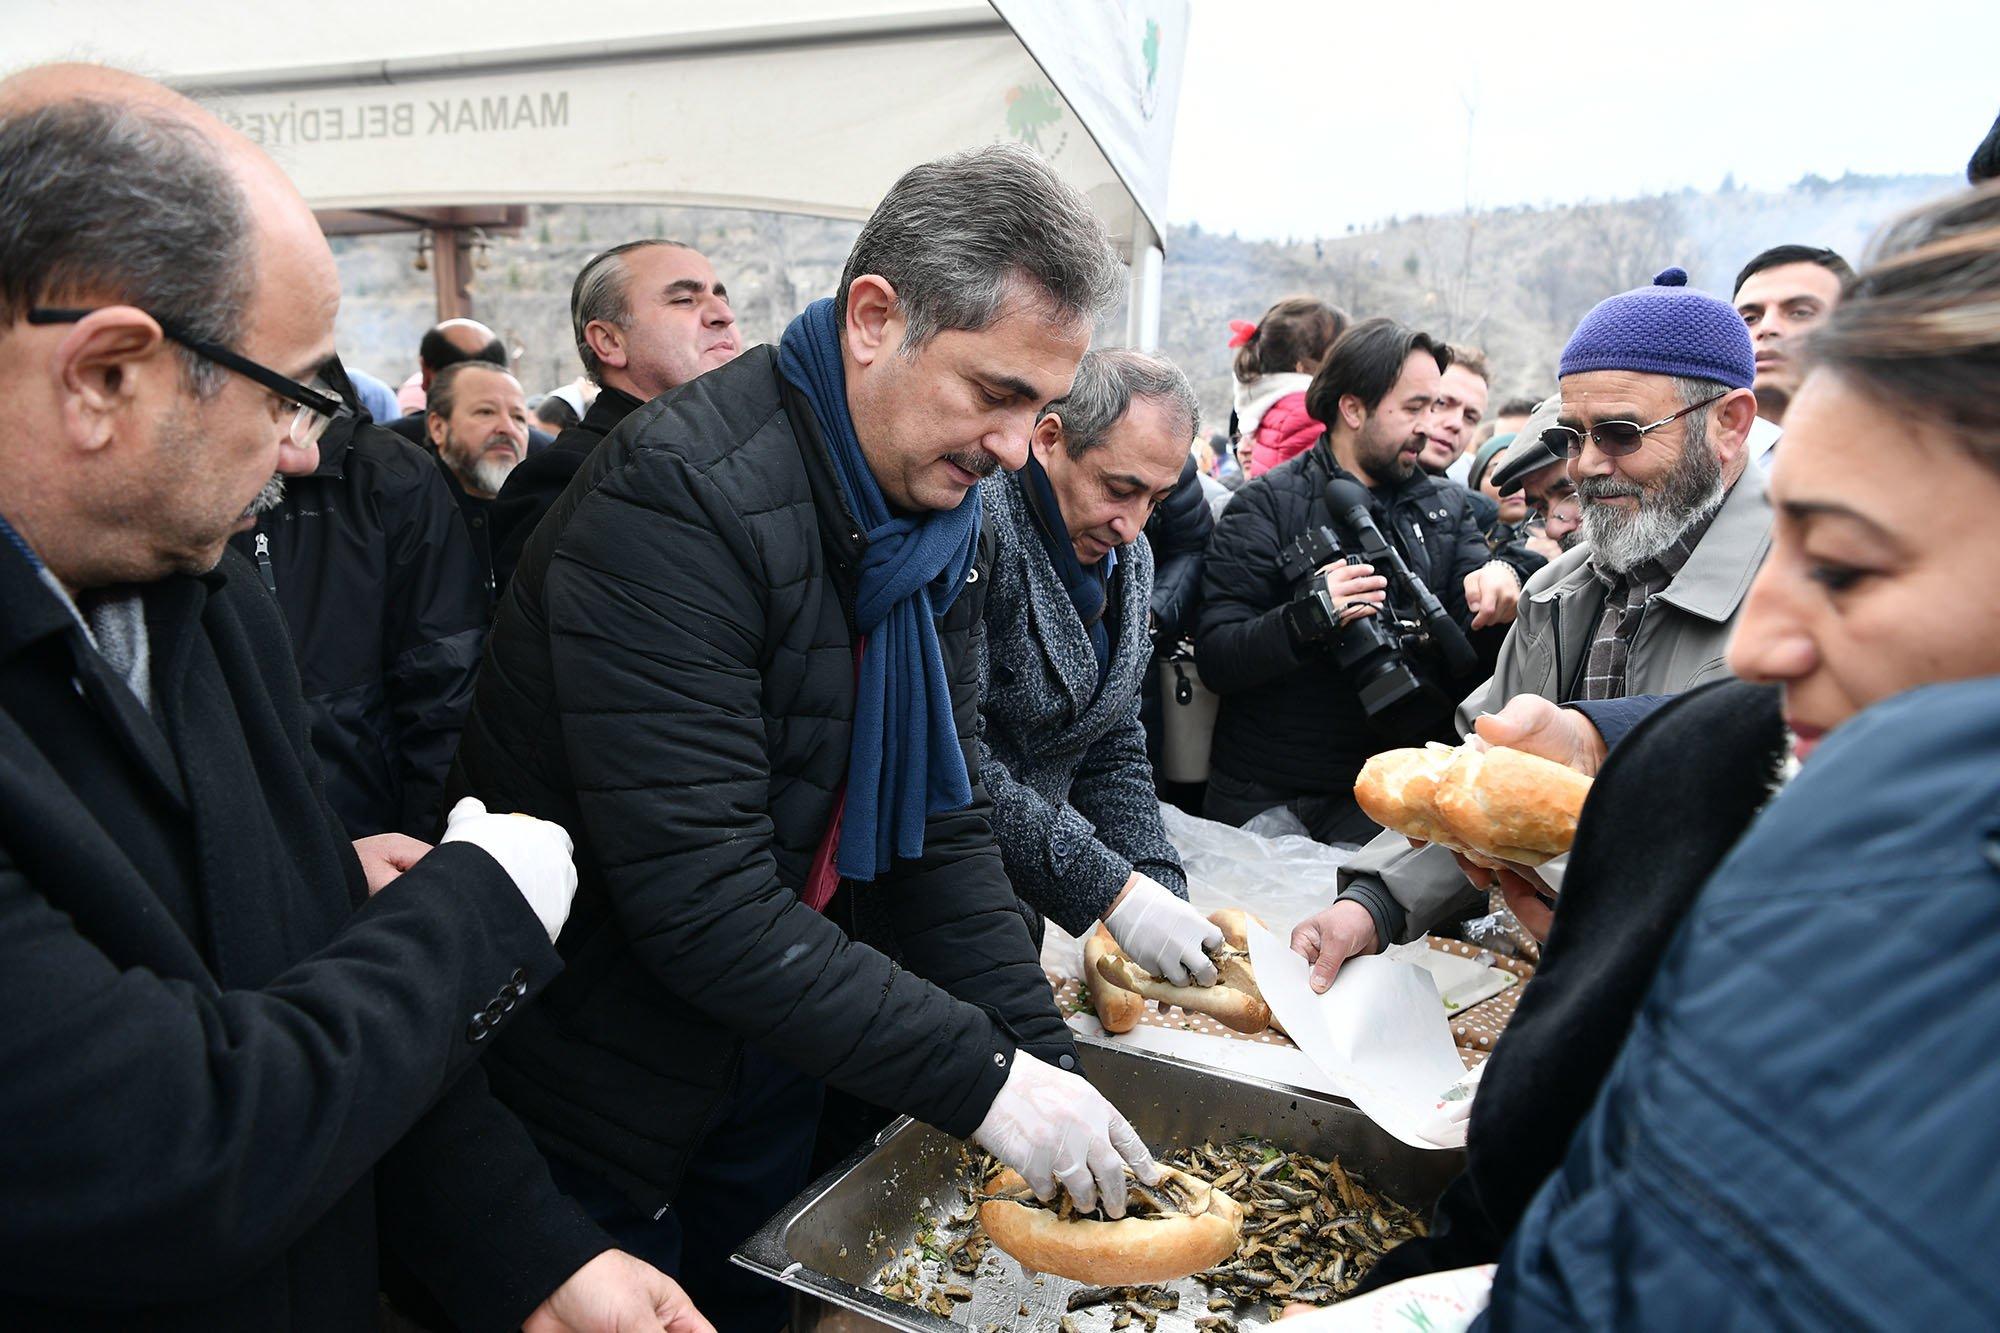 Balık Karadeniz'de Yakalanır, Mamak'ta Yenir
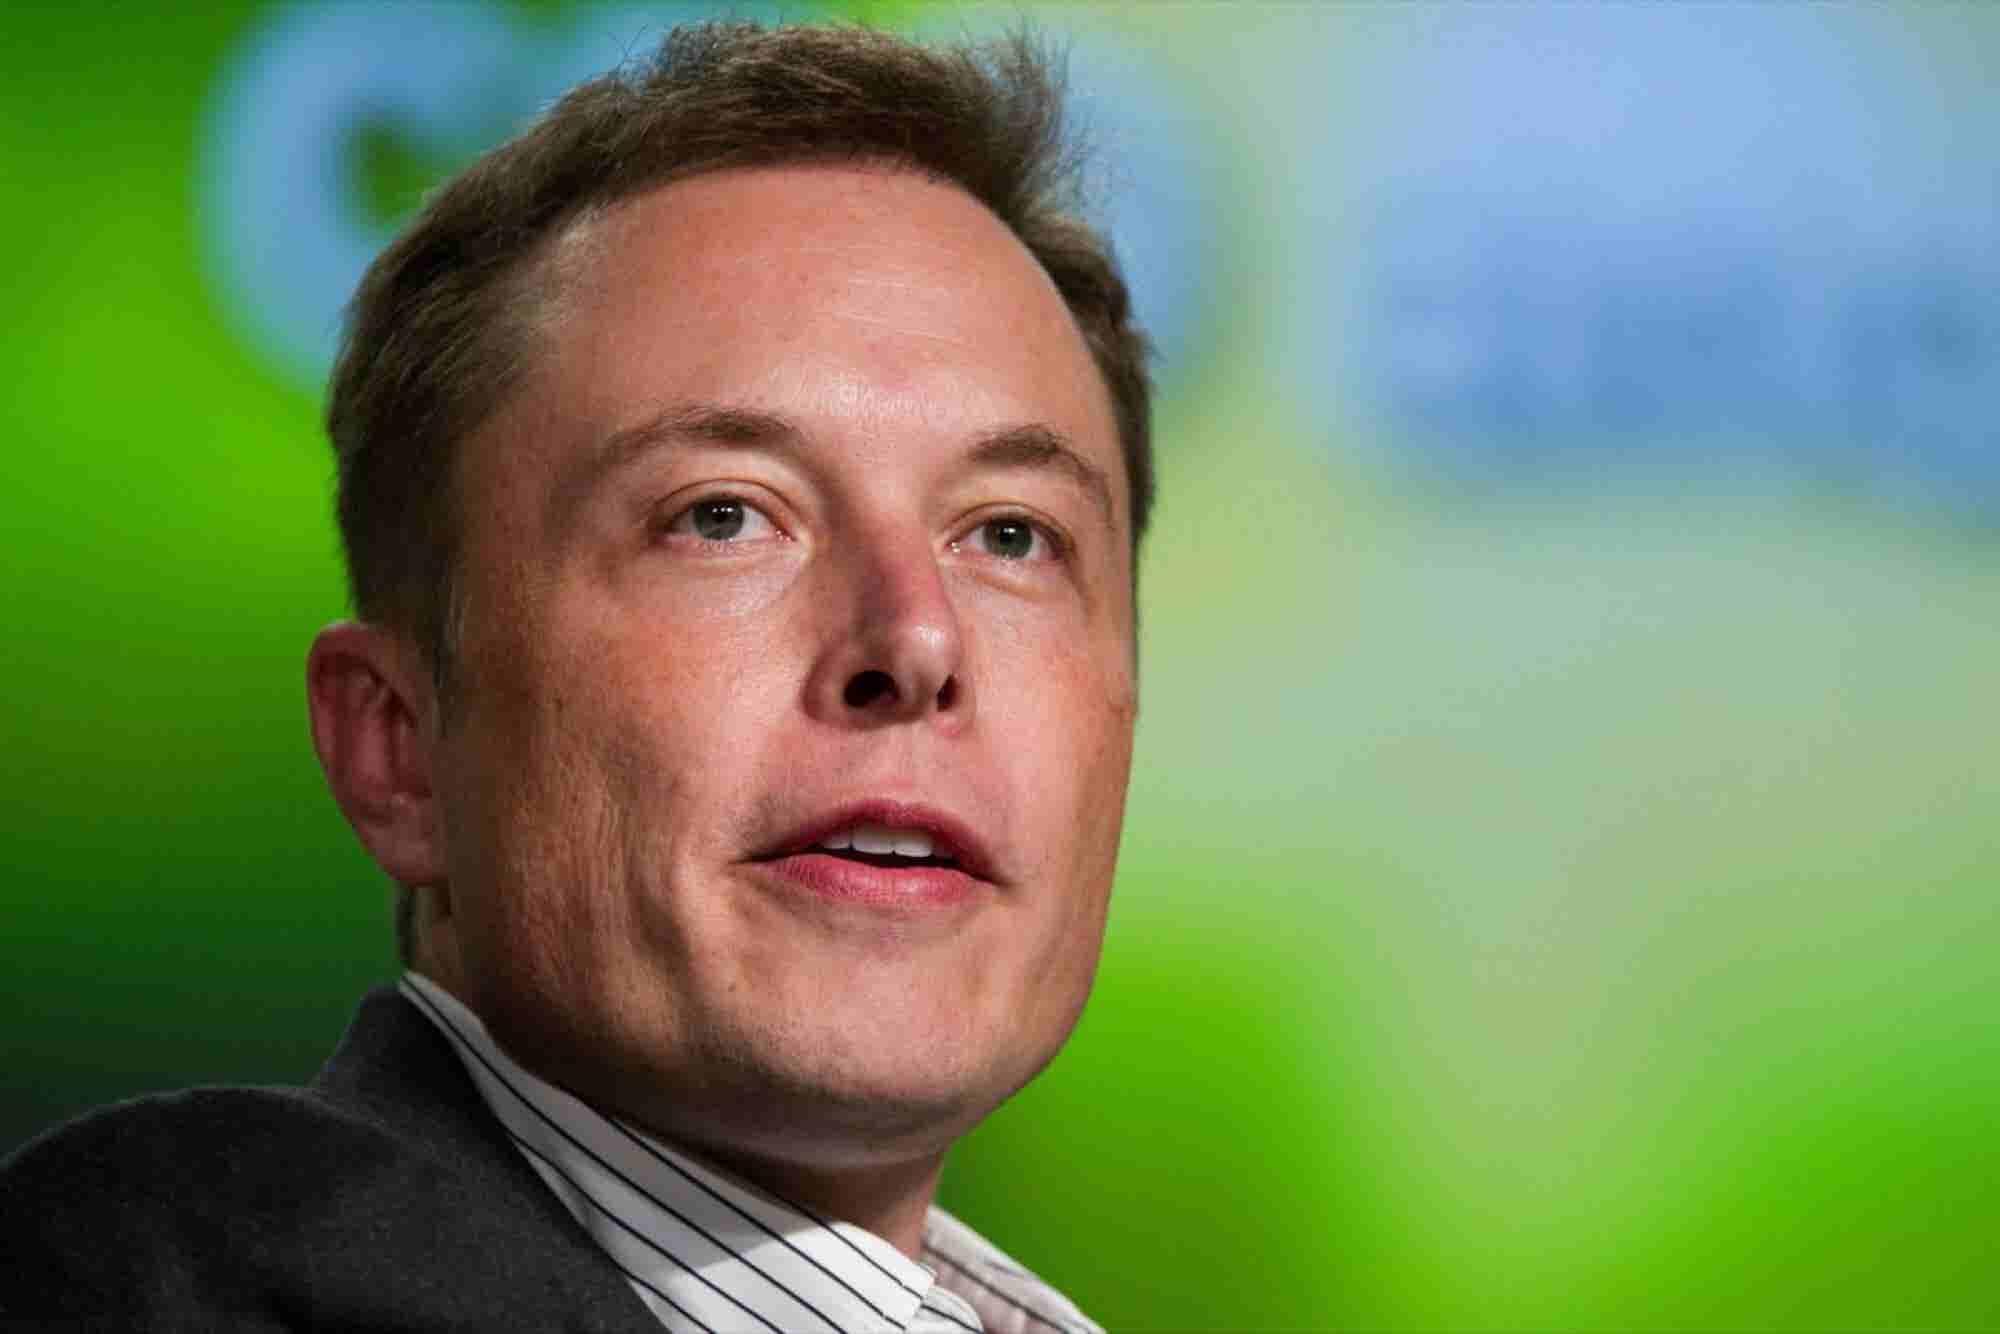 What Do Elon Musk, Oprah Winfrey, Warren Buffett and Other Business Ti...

= = = =

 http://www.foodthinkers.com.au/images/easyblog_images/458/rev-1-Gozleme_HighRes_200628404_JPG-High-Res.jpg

= = = =

■ TASK OBJECTIVE: What is needed is an exact copy of the lines above from the one with "Balık Karadeniz'de Yakalanır, Mamak'ta Yenir" to the one with "What Do Elon", both ends kept, and nothing more; please leave the pictures out.

■ ANSWER SECTION:
 Balık Karadeniz'de Yakalanır, Mamak'ta Yenir
 What Do Elon Musk, Oprah Winfrey, Warren Buffett and Other Business Ti...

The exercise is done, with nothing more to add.